Ce n’est pas la première fois qu’Apple est attaqué pour ce sujet, mais cette fois, la plainte pourrait avoir une portée et un impact importants, expliquent nos confrères. Car si, depuis des années, Apple prône la défense de la vie privée de ses utilisateurs, sa stratégie est de plus en plus critiquée. D’autant que ces derniers mois, des décisions de justice récentes ont rendu, outre Atlantique, les plateformes responsables des publications ou des messages de leurs utilisateurs dans certaines situations, expliquent nos confrères.
Après l’annonce de l’action en justice, Apple a répondu qu’elle n’était pas responsable des contenus stockés sur iCloud par ses utilisateurs. L’entreprise américaine estime qu’elle ne peut pas faire l’objet d’une action en responsabilité du fait des produits puisqu’iCloud ne serait pas un produit au sens de la loi américaine. Pour Fred Sainz, porte-parole d’Apple, « les contenus pédopornographiques sont odieux et nous nous engageons à lutter contre la façon dont les prédateurs les diffusent. Nous innovons de toute urgence et activement pour lutter contre ces crimes sans compromettre la sécurité et la vie privée de tous nos utilisateurs ».

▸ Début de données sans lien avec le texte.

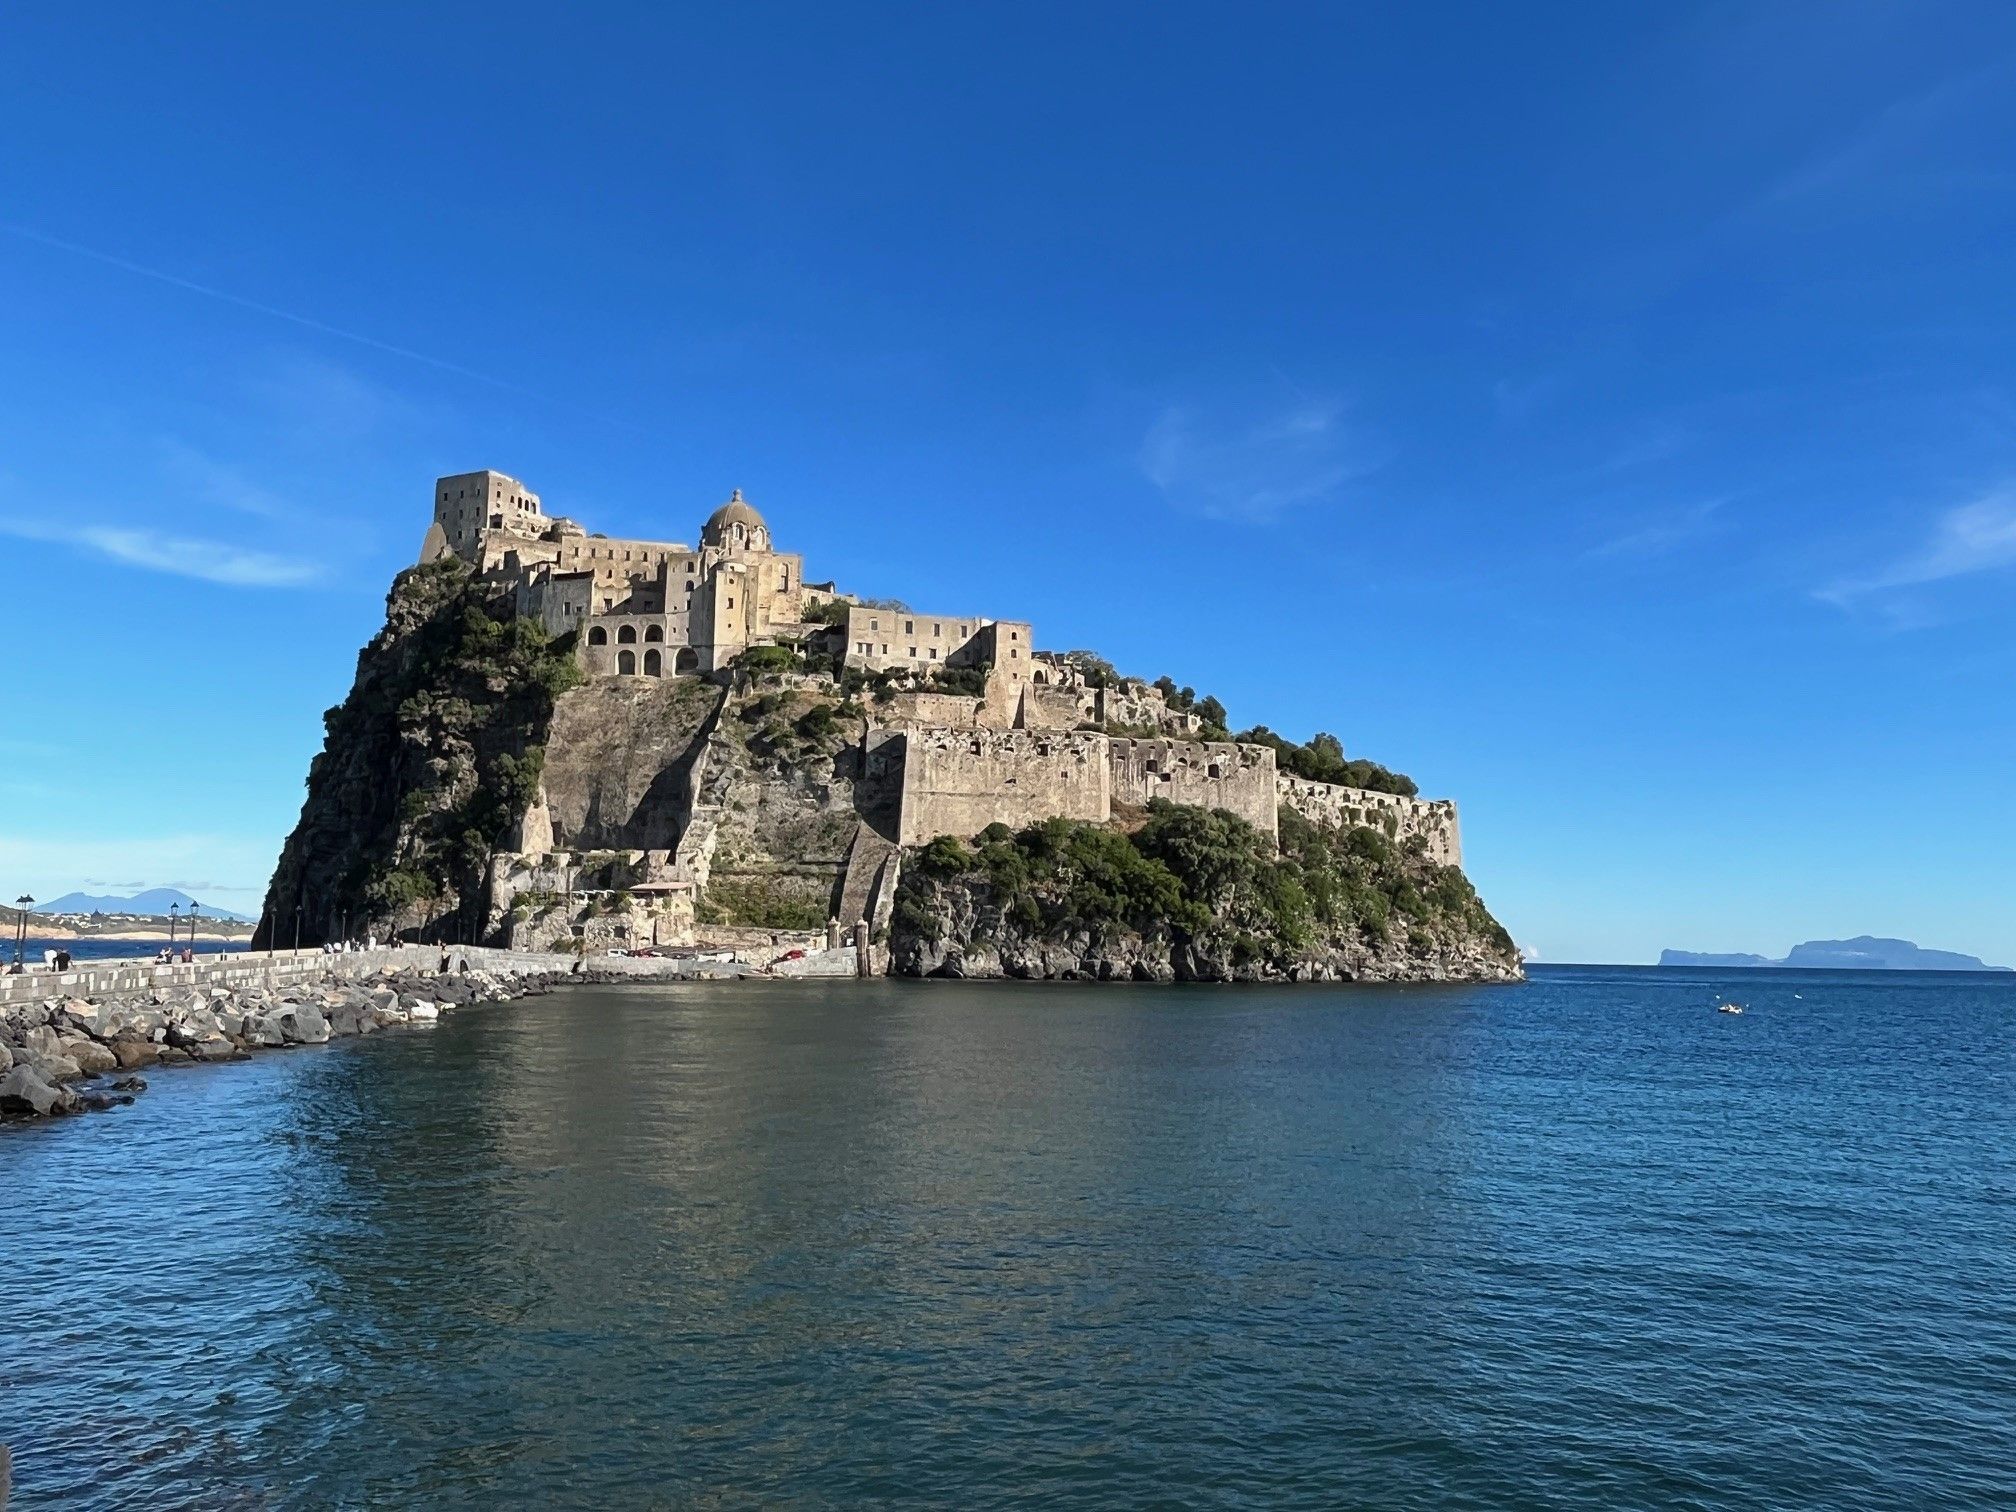 Castello Aragonese auf Ischia. Links der Vesuv und rechts Capri.

Le débat aussi vif en Europe
Si l’issue de cette action en justice pourrait changer la donne dans le pays, le débat entre vie privée et protection des mineurs est aussi vif en Europe. Sur le Vieux continent, le projet de règlementation européen CSAM (pour Child Sexual Abuse Material) prévoit d’imposer aux plateformes numériques, y compris les messageries chiffrées, la détection et la suppression de contenus pédopornographiques.

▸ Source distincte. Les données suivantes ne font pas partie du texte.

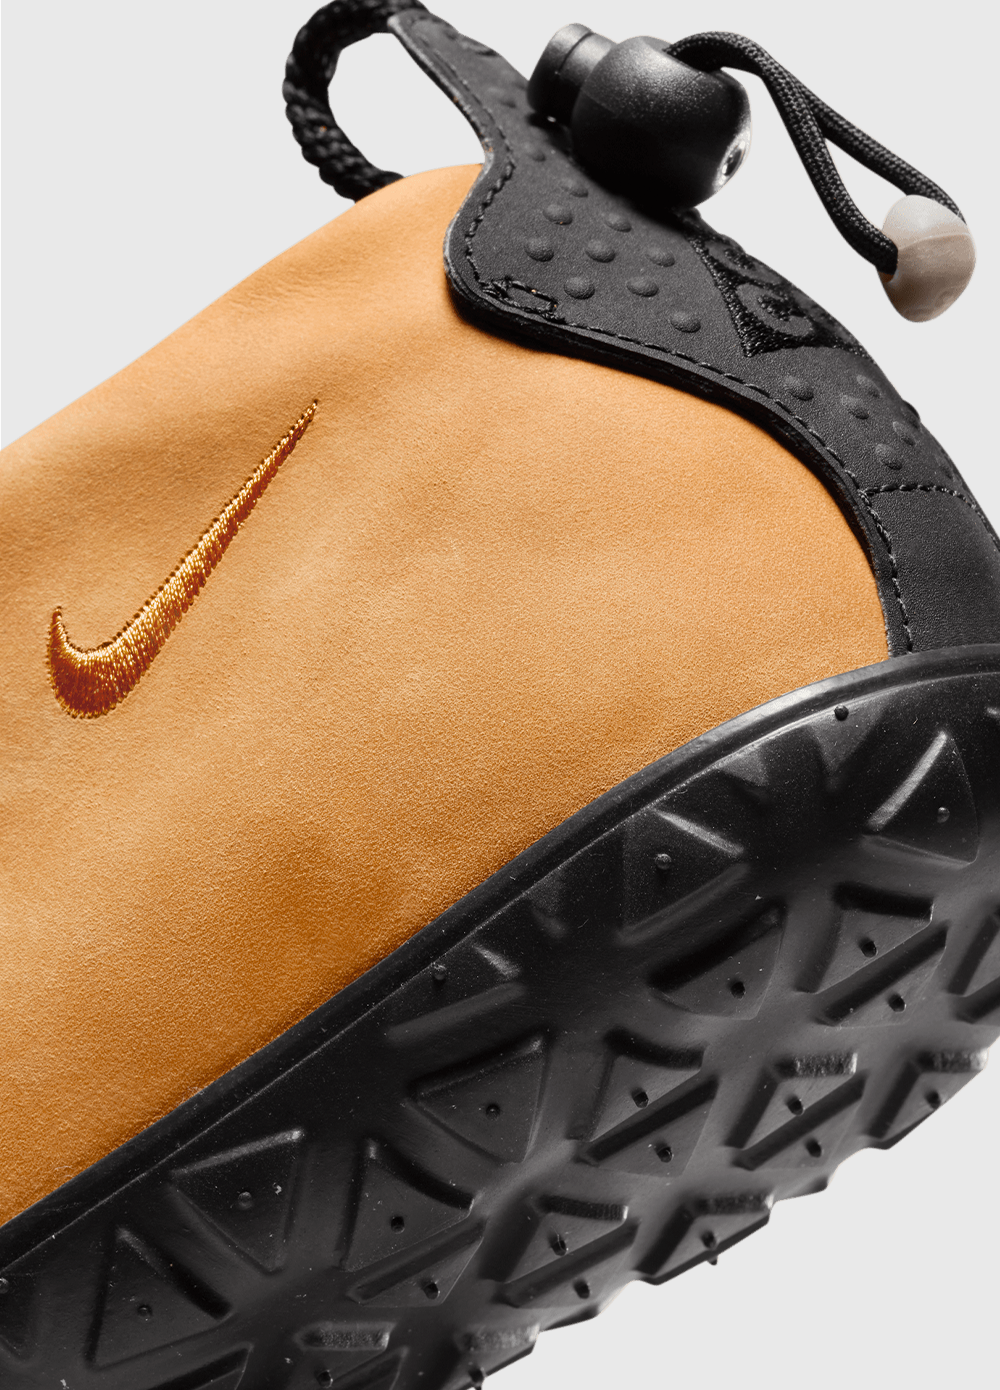 Nike ACG Moc Premium 'Russet Sneakers

De quoi mettre vent debout les experts en cybersécurité et les associations ou organisations défendant la vie privée en ligne, qui expliquent là aussi qu’obliger à une telle détection reviendrait à surveiller tous les contenus échangés via des applications ou sur le Web. Ce qui mettrait, selon ces dernières, fin à la vie privée et au secret de la correspondance en ligne.
Il n’existe pour l’instant pas de consensus sur le texte : vendredi 6 décembre, les 27 pays de l’Union européenne ne sont pas parvenus à s’accorder sur une seule et même position. Selon Contexte ce lundi 9 décembre, la prochaine réunion aura lieu à Bruxelles le 12 décembre prochain.